The one who really showed up to speed dating was Ramona. Watching Ramona flirt is like watching one of those 1950s filmstrips about fast girls who might end up in a home run by nuns if they don’t clean up their acts. It’s like an abnormal mimicry of everything that she shouldn’t be doing, but she’s doing it anyway. She sets her focus on this guy Brian who is wearing a red scarf and is apparently a successful lawyer. Other than one guy who was 44 with curly gray hair who thought Ramona was also in her 40s (which won him a kiss on the lips), Brian was the hottest guy there. Ramona is not stupid. She goes right for the best room on vacation and she goes right for the hottest guy at speed dating.
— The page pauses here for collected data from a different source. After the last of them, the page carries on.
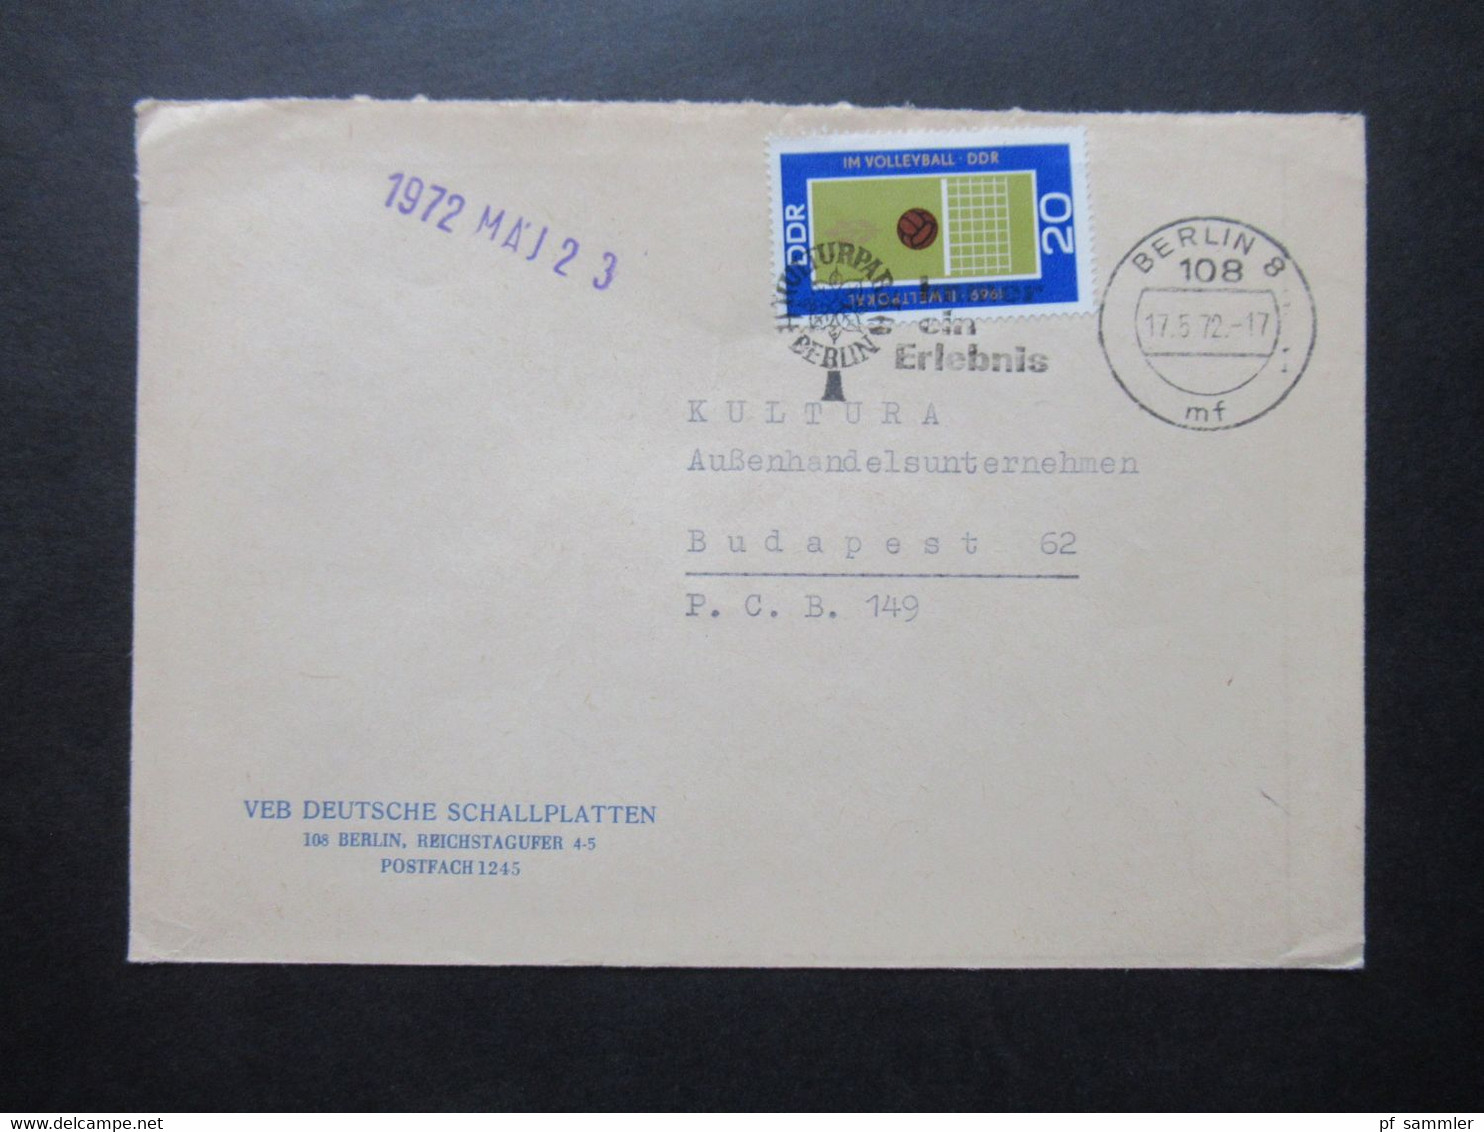 DDR 1972 2 Auslandsbriefe nach Ungarn 1x Luftpost Umschläge VEB Deutsche Schallplatten / Bereich Absatz usw.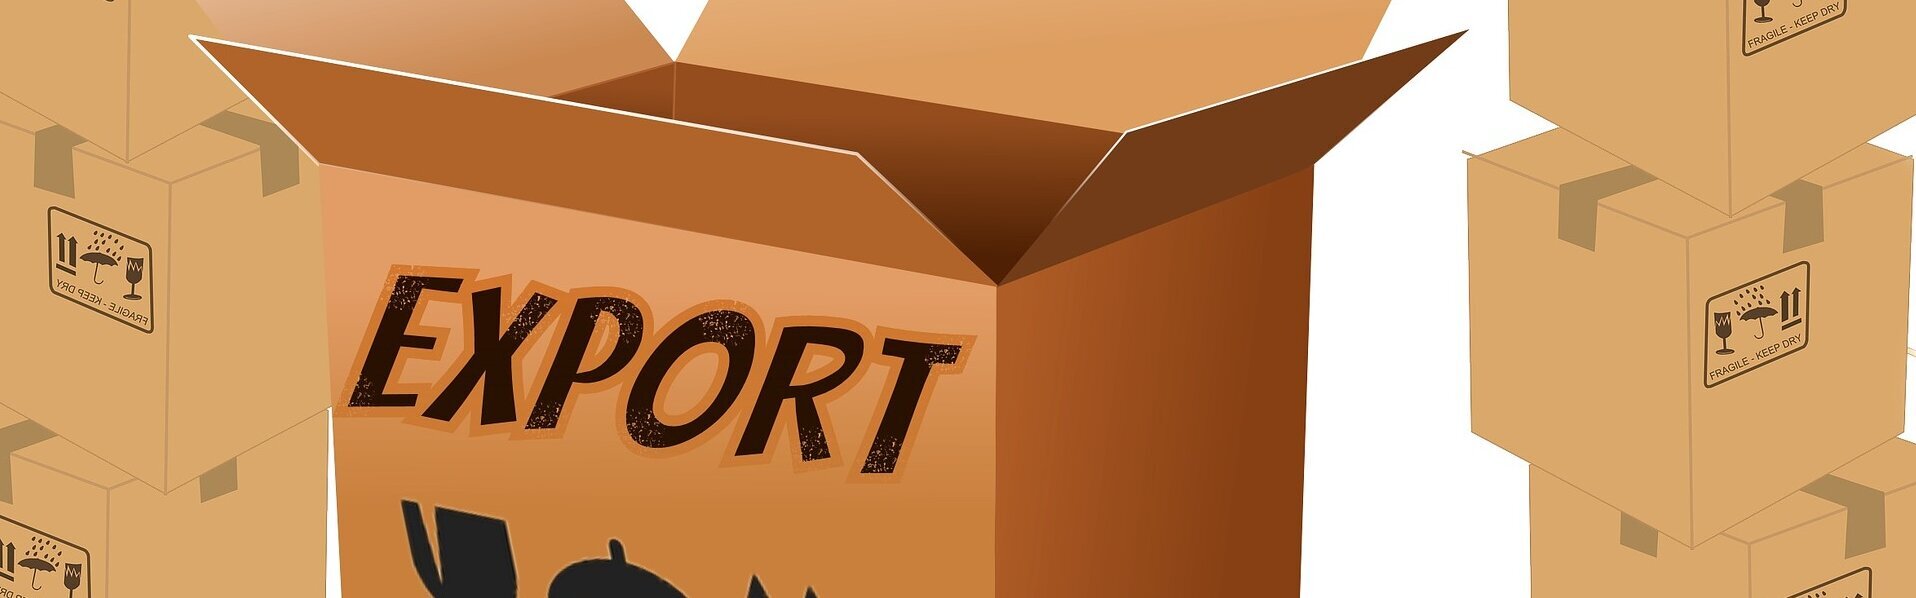 Das Bild zeigt einen Karton mit der Aufschrift "Export".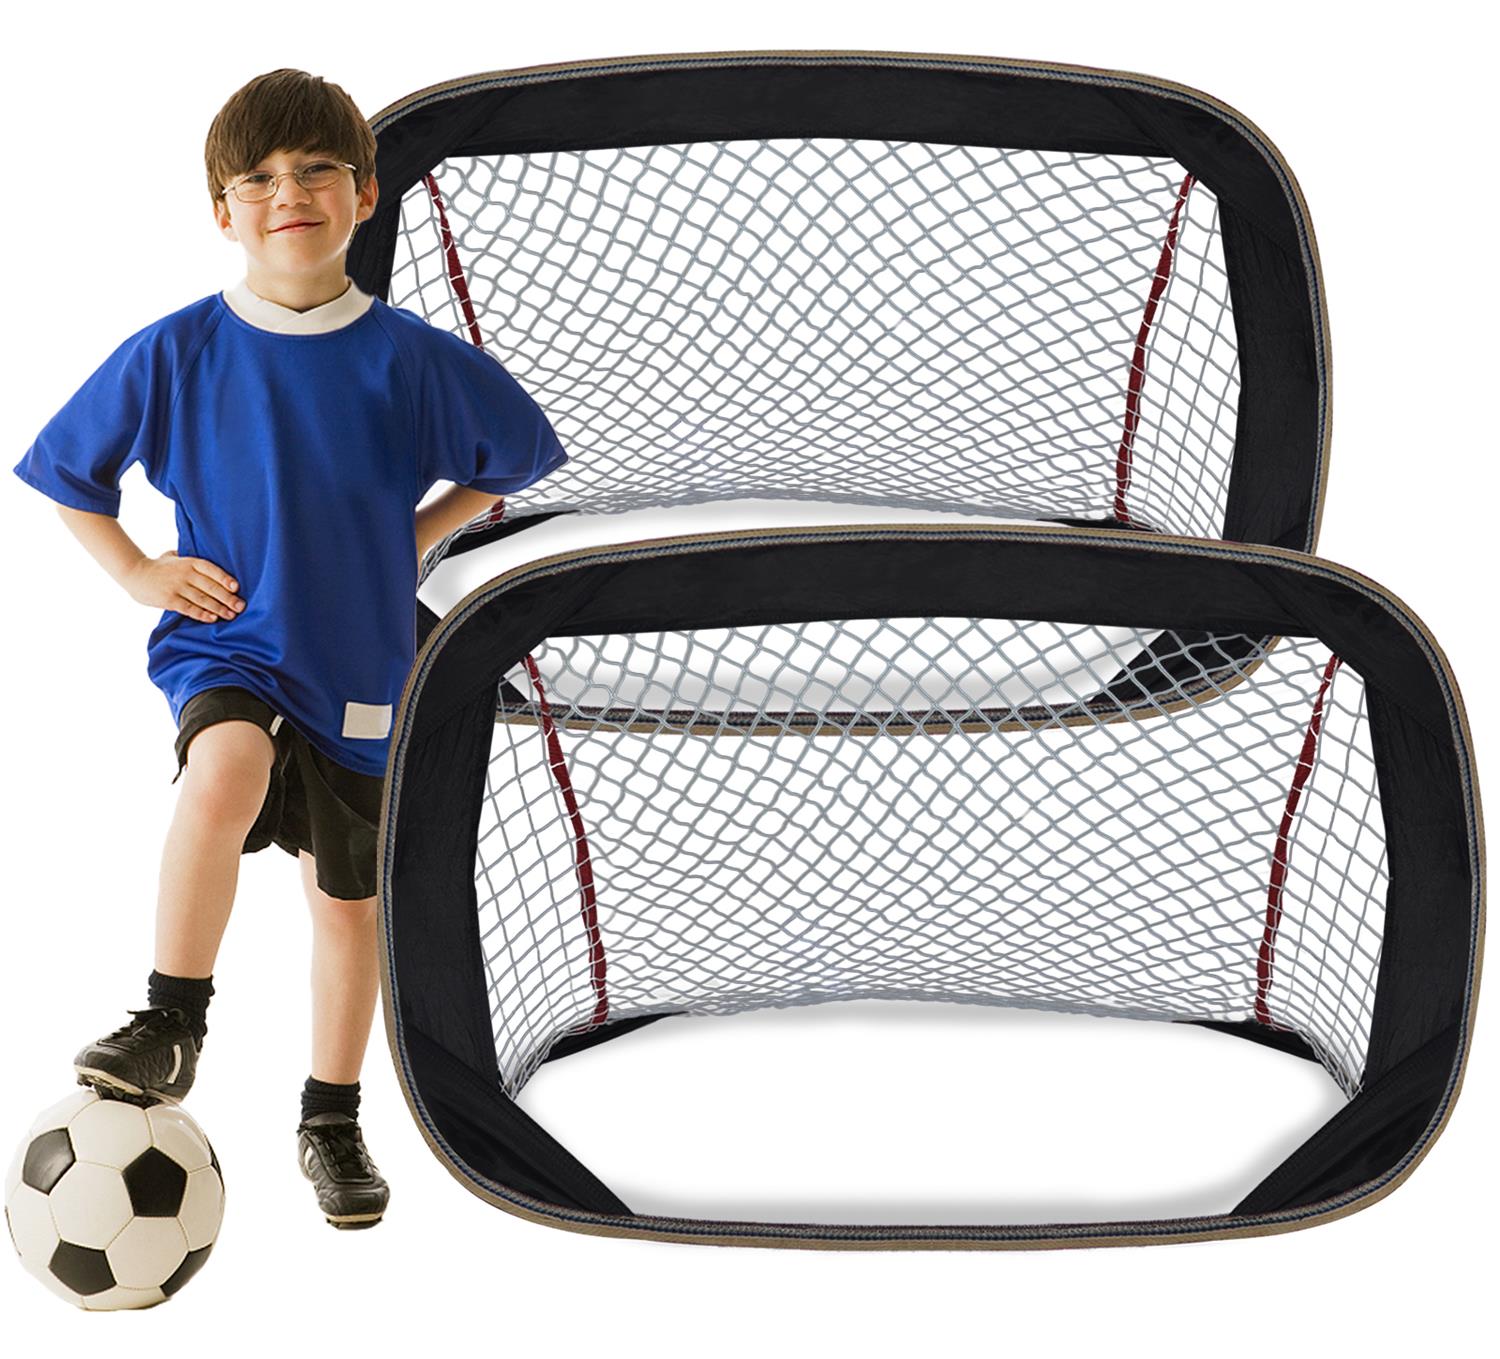 サッカーゴール　サッカーネット　ミニサッカーゴール　折りたたみ式　2個セット　サッカーゲーム用ネット　子供向け　88x62x62cm

Turns out that Brian and Bethenny had been on a sort of lunch date a few years previously. While Ramona and Brian hit it off both before the event and on their “date,” he confesses to Bethenny that the only reason he showed up was because he thought she might be there and he wanted to see her again. Also Rori had Carole come to this event to meet Brian because Rori thought they would really hit it off. I mean, is Brian the only eligible, attractive, successful heterosexual in Manhattan who is over the age of 40? Why are all of these girls clamoring for the same man?
After the event, Brian is talking to Bethenny again to try to seal that deal (even though Bethenny said she’s not interested). Ramona comes over with a drink for him and is like, “You bought me a drink so I bought you one in return. Cheers,” and then she walks away. That is fucking baller. That is the gutsiest, sexiest, craziest move that I have ever seen a woman perpetrate in pursuit of a man and that alone makes me want to propose to Ramona Singer.
All of the women have found suitable, attractive men and Sonja is over in a corner cuddling up to some schmo named Morty who has a stain on his shirt and she’s like “Ah, he’s good enough.” Then she starts talking to him about spanking and this perv tells her that he’s going to tie her up and spank the hell out of her so that she has red hand marks on her ass the next day. Sonja picked up her drink and swallowed it in one gulp, shouted “check please!” to the waiter, and immediately walked out of the room with her boa trailing on the ground behind her. Well, that didn’t exactly happen, but in my mind it did.
The other best part of speed dating is that Tinsley invited all of the women to Colombia. She tells them that it’s totally safe and that she’s been down there like ten times. She was even a bridesmaid for a friend’s wedding down there. What she doesn’t mention is that wedding was Lauren Santo Domingo’s and that Lauren is a former editor at Vogue and she married a Colombian billionaire. Yeah, I would be spending a lot of time up in Colombia if those were my friends too. More importantly this means that the Boat Ride from Hell can only be a few episodes away and I have never been more excited about anything in my life and that includes the prospect of Madonna one day doing a Vegas residency.
This big trip announcement happened at the speed dating and Rori called up a friend of hers after she heard the news. “Why aren’t you here?” she asked leaving a voicemail. “They’re all here and I have some major news for you. I know where the trip is going to be. It’s going to be …” but before she could finish her sentence she heard on the other line, “Jill Zarin’s mailbox is full.”